However, satellite acquisition is generally impaired when the user is
indoors, making the use of GPS alone inadequate for some mobile
applications. Additionally, initial GPS location information can take
several minutes to acquire.
An advantage of GPS is that it
can provide continuous tracking updates, useful for real-time
applications, instead of just one-time lookups.
Assisted GPS works by
providing an initial location obtained via another means (either tower
triangulation or 802.11) to the GPS receiver, to reduce satellite
acquisition time and correct for signal noise. This makes GPS somewhat
more viable for indoor use; however, acquiring positional data this way
still takes upwards of 10 seconds, still making it a relatively slow
method.
802.11
Accuracy: 10m–200m (but potentially erroneous)
The iPhone was the first
smartphone to add this additional method for geolocation, using an API
made available by Skyhook Wireless. This location method works by doing a
survey of any nearby 802.11 (Wi-Fi) wireless access points and then
submitting data about
them (presumably MAC address and SSID) to a web service, which returns
coordinates from what is essentially a very large “wardriving” database.
This allows for devices without GPS to provide potentially highly
accurate location data.
This approach has the
advantage of being both faster and much more accurate than cell tower
triangulation, but has a couple of drawbacks. Because location data
relies on specific wireless APs, if those APs move, location data can be
drastically wrong. Because the wireless
APs were listed in the Skyhook database, any attempt to use location
services near the offices reported the company as being in the previous
location, making it difficult to find places to go to lunch. A more
extreme example is when attending a security conference in Tokyo, one of
the authors’ iPhone 2G reported being in Vancouver, B.C. (the last
place the conference APs were used).
The Skyhook software
development kit (SDK) has also recently become available for Android,
but is not yet integrated in an official capacity. More recently,
however, Google launched its “Latitude” service, which provides a newer
implementation of Skyhook’s technology, combining all of the preceding
methods.
A more extensive evaluation of the strengths and weaknesses of this method can be found at www.techcrunch.com/2008/06/04/location-technologies-primer/.
Geolocation Implementation
Each platform treats
geolocation services differently, with different methods of requesting
user permission, ranging from asking every launch of the application to
leaving notification up to the developer.
Android
As with most services on
Android, permission to use the geolocation features is requested via the
program manifest and is granted by the user at install time.
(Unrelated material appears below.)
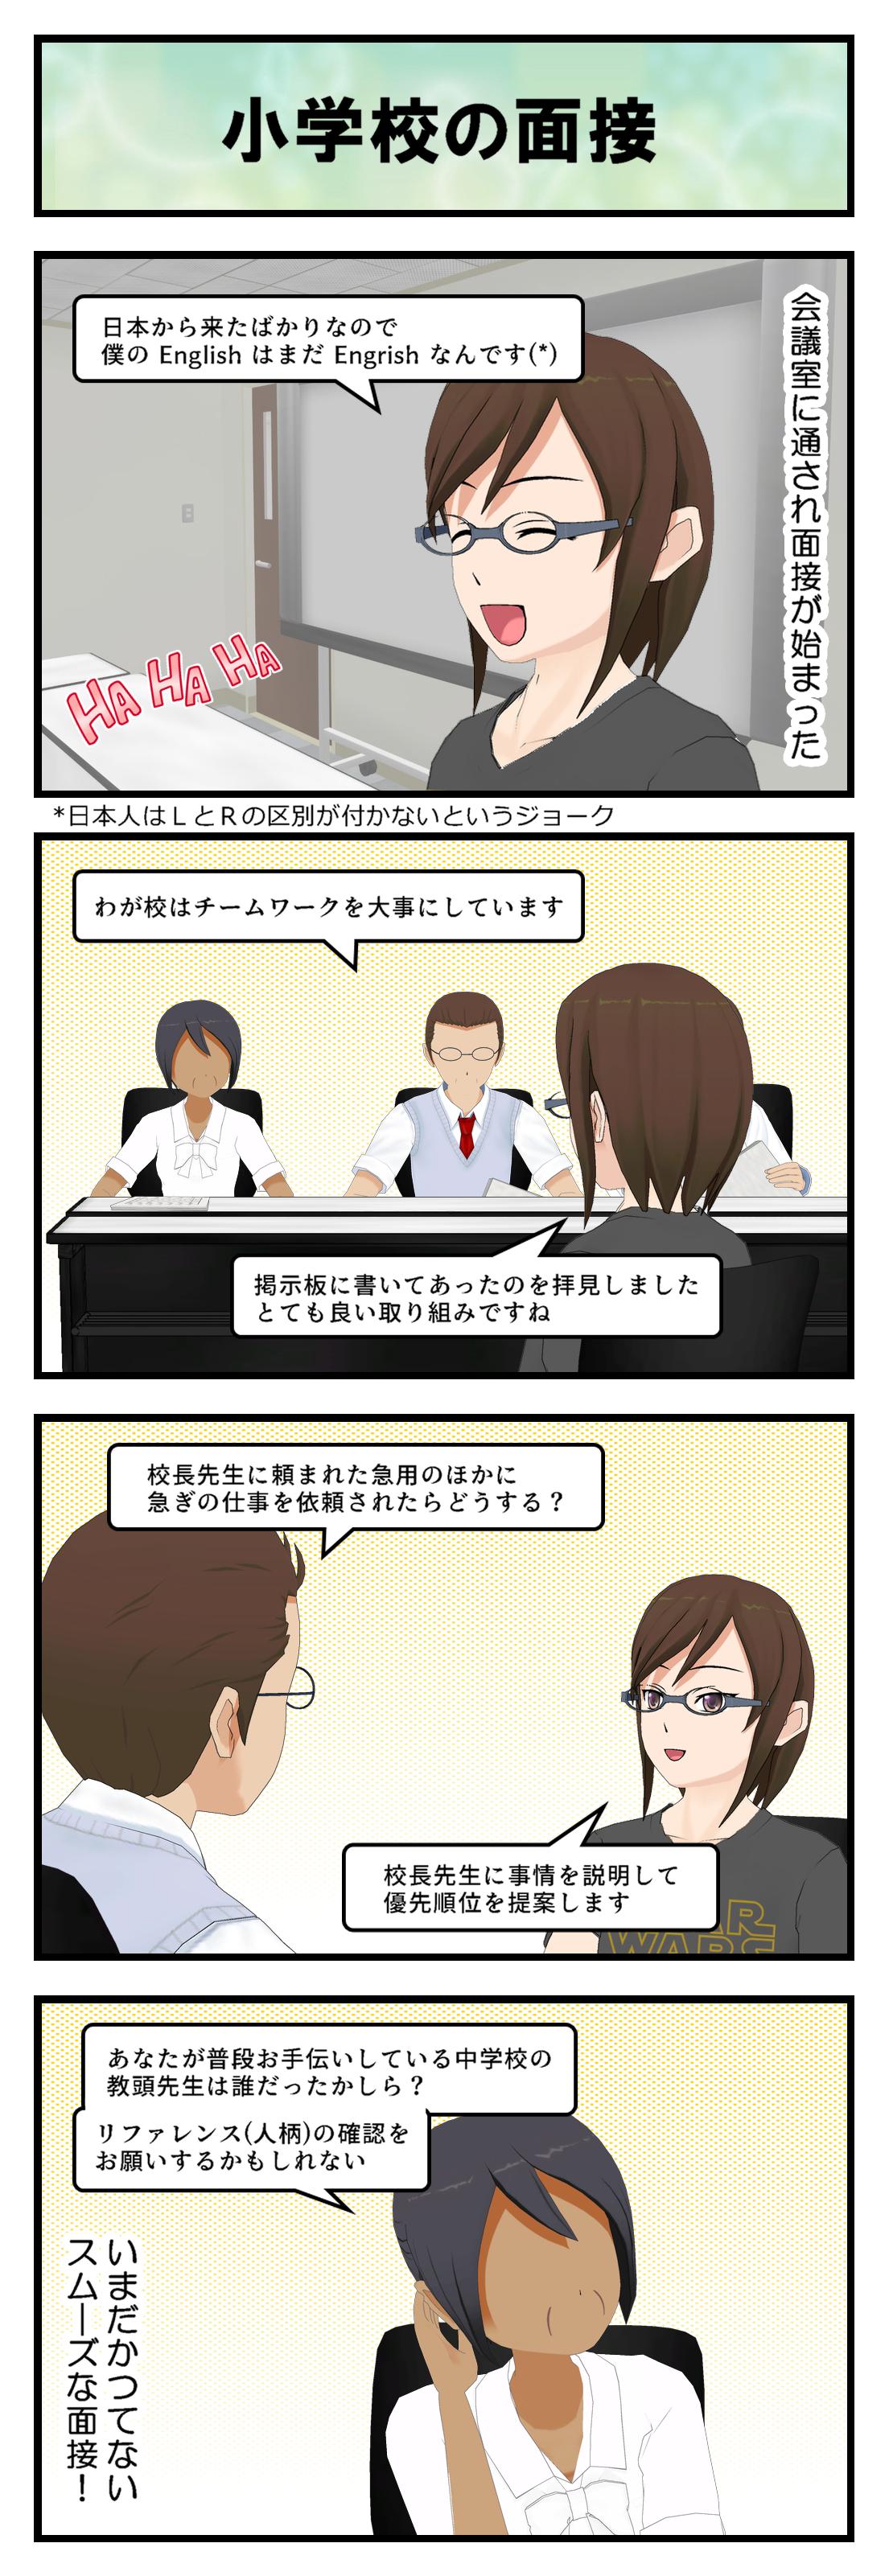 R496_S小学校3_001

Either
coarse or fine precision can be requested, using the
ACCESS_COARSE_LOCATION (for cell triangulation or Wi-Fi) or
ACCESS_FINE_LOCATION (GPS) permission (see Figures 1 and 2). These permissions are requested and controlled separately.
The
android.location package provides the LocationManager service, which can
be called to return both geographic location and current bearing, using
the internal compass (if available). Listing 1 provides an example of using the LocationManager service in Android.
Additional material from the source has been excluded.